Яков Иванович был самый вежливый и деликатный человек, и Антонида Васильевна именно за это его и любила больше всего: увы, таких вежливых людей больше нет!.. Нынешние люди не понимают такой простой истины, что вежливость — это целый капитал и что благодаря именно ей в свое время Яков Иванович всегда Пользовался неизменным успехом у женщин. О, любовь ему ровно ничего не стоила, и ему многое прощалось именно за умение держать себя! Яков Иванович вовремя умел быть и смелым и скромным и всегда молчал: ни одной тайны не было им выдано. Вот секрет дожить до восьмидесяти лет, еще в силах, а дальше уже «труд и болезнь»… Женщины любили Якова Ивановича и в критических случаях советовались с ним, как было и с Антонидой Васильевной. Конечно, они делали по-своему, а Яков Иванович молчал, будто ничего не знает.
— Пожалуйте, Яков Иваныч…
Заняв свое обычное место на диване, Яков Иванович с присущею старым людям проницательностью сразу заметил, что Антонида Васильевна была сегодня не в своей тарелке. Может быть, получила неприятное письмо? Нет, писем она уже давно ни от кого не получала. Время писем миновало для нее… Что бы такое могло быть?
— Холодно, Антонида Васильевна.
— Очень холодно, Яков Иваныч.
В своем темном люстриновом платье Антонида Васильевна походила бы на монашку, если бы лицо ее не было покрыто темными пятнами от дрянных старинных белил. У монахинь лицо бывает такое белое и кожа — точно корка просвиры. Дома воротничков и рукавчиков она не носила, а когда приходил Яков Иванович, накидывала на плечи старенькую ковровую шаль. Теперь Антонида Васильевна куталась в свою «тряпочку», как она называла шаль, сильнее обыкновенного и старалась не смотреть на гостя. Перебрав все темы, Яков Иванович вопросительно поглядел на дверь, откуда должен был появиться кипевший самовар. Он не понимал, зачем хозяйка так медлит, а сегодня ему особенно хотелось напиться кофе, — мерзавец погода.
— Вы здоровы ли, Антонида Васильевна? — спросил он наконец, аккуратно понюхав табаку.

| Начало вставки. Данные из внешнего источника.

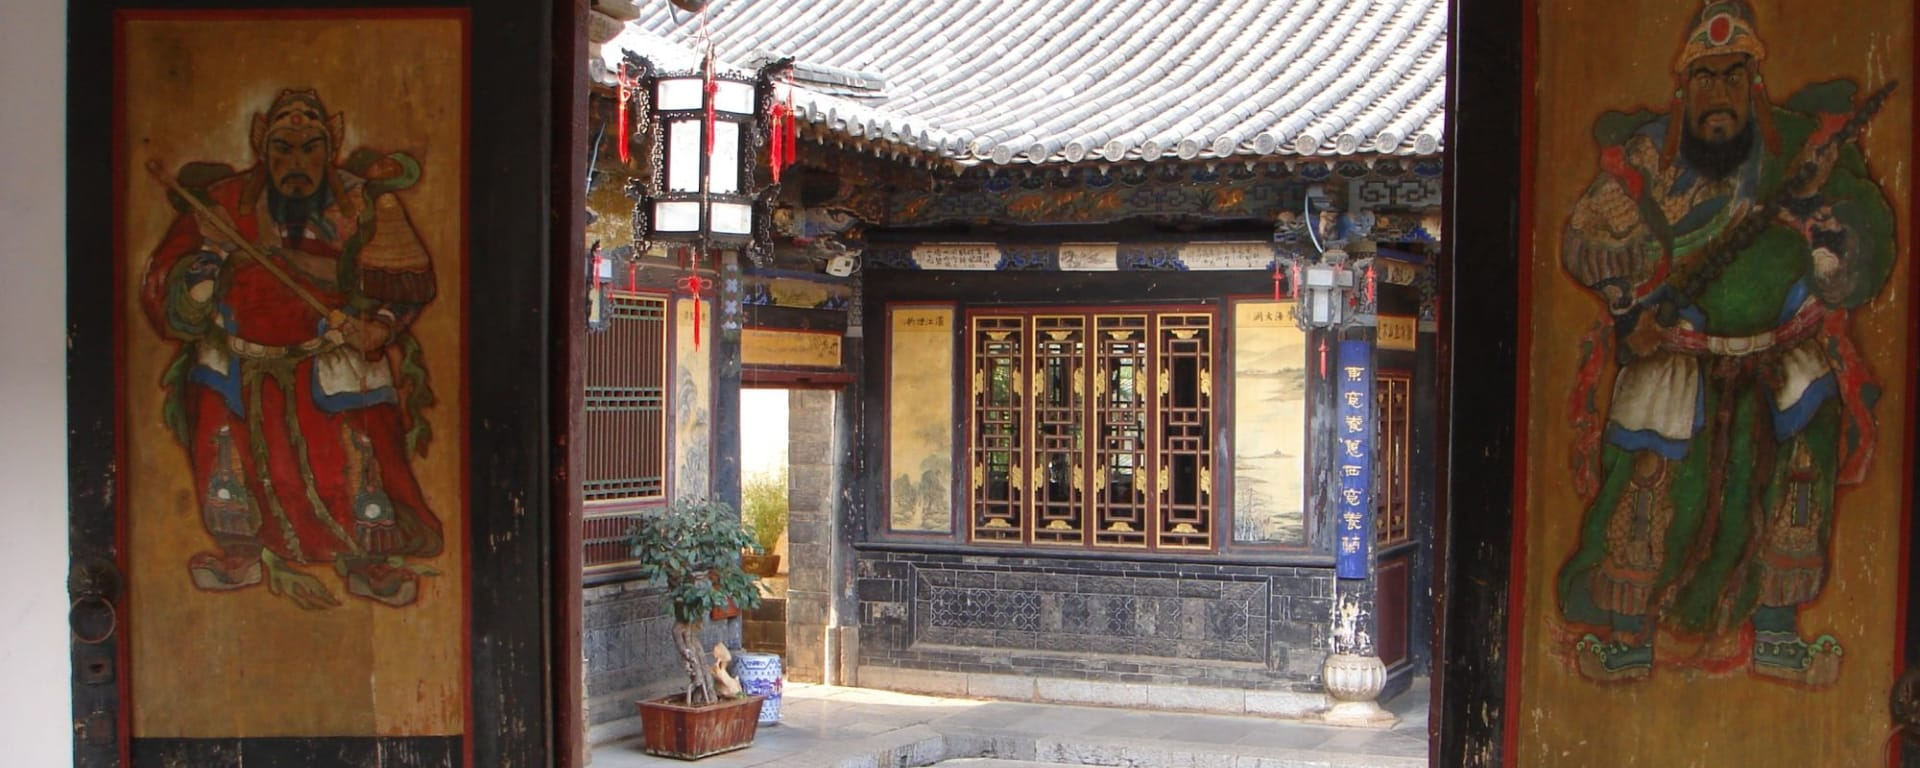 Yunnans unbekannter Süden ab Kunming: Jian Shui: Zhu Family Garden Door

Антонида Васильевна что-то перебирала на своем комоде и удивленно оглянулась, а потом быстро вынула из кармана платок и закрыла им лицо. Послышались сдержанные всхлипывания. Как все мужчины, Яков Иванович не выносил женских слез и рассердился. Помилуйте, так могут капризничать одни девчонки… О, он хорошо знает цену этим женским слезам и никогда им не верил. В нем проснулась старческая жестокость. Но Яков Иванович всегда был вежливый дамский кавалер, поэтому, дав время пройти пароксизму, спросил по возможности ласково:
— Что с вами, Антонида Васильевна?.. Не могу ли я чем-нибудь быть полезным?

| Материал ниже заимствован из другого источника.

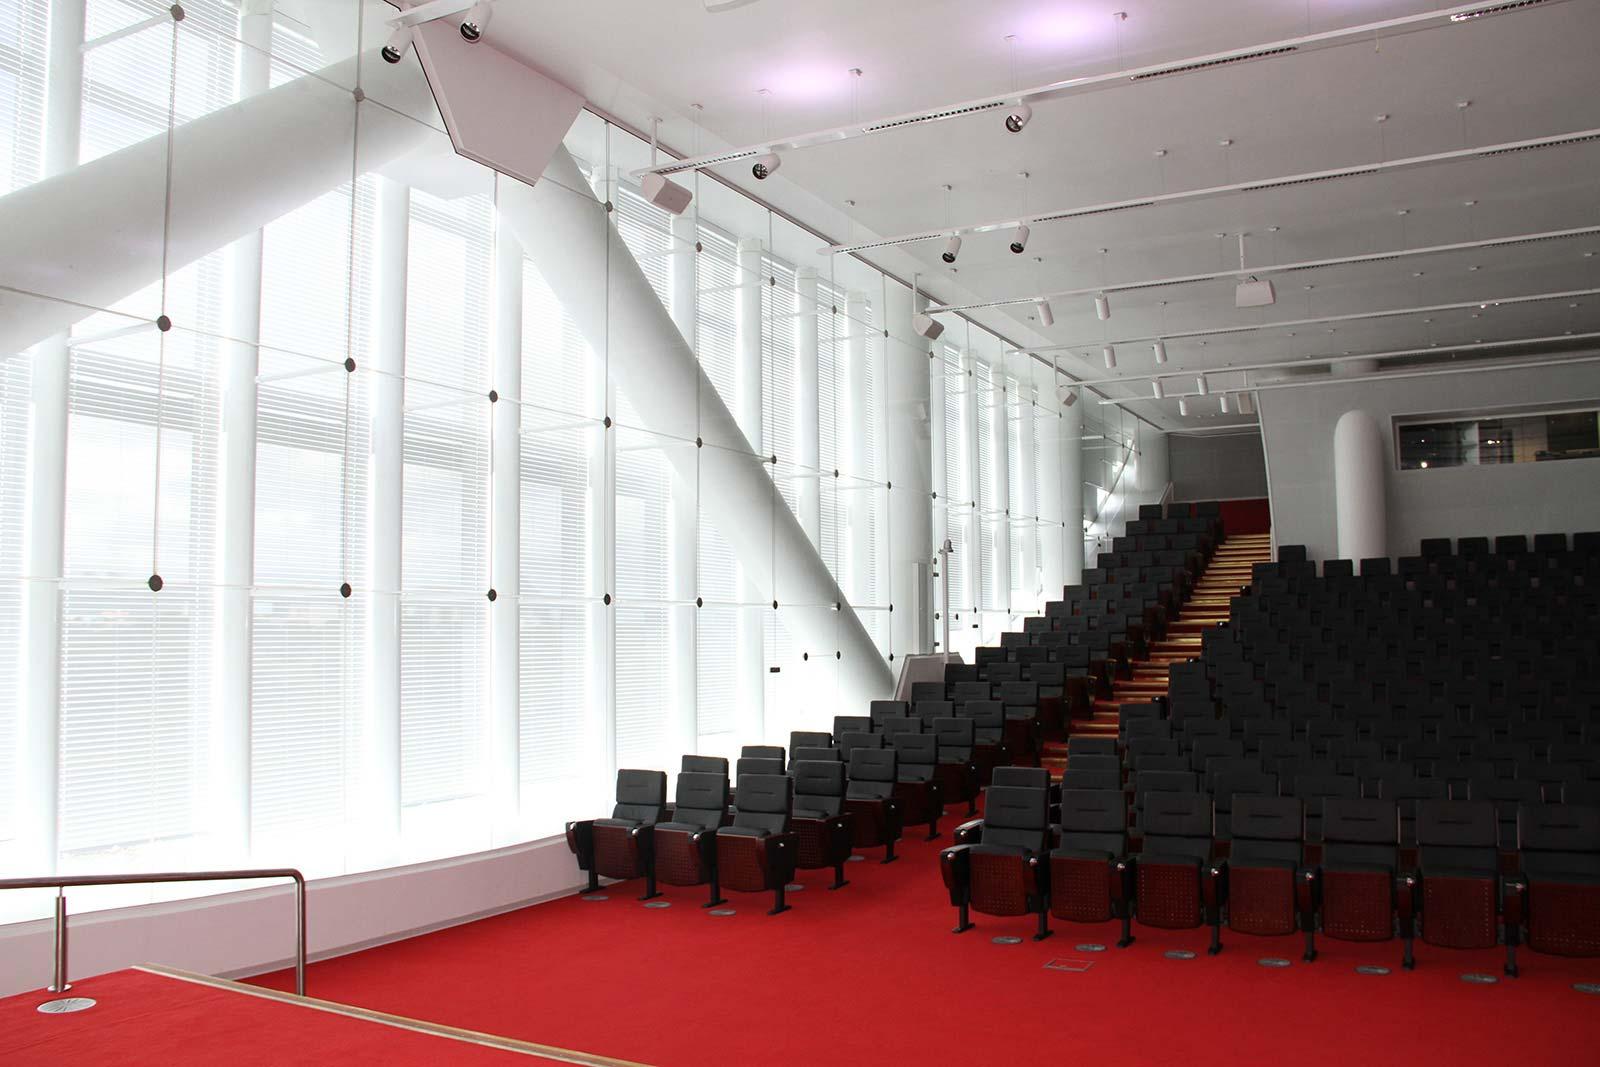 the-mauritius-commercial-bank-ebene-jean-francois-koenig-auditorium-view

— У меня… у меня нет больше кофе!..
Яков Иванович был огорчен, но все-таки плакать не следовало. В жизни ему приходилось много видеть женских слез, и поэтому он пустил в оборот тот бессмысленный набор фраз, какими утешают плачущих женщин. Женщины любят, чтобы их так заговаривали, а смысл — это другое дело. Но и это верное средство не помогало; Антонида Васильевна продолжала плакать… Да и слезы были нехорошие, — те тихие слезы, которым, как осеннему мелкому дождю, конца нет. Старый эгоист только теперь пожалел свою приятельницу, тем более что это искреннее горе касалось и его.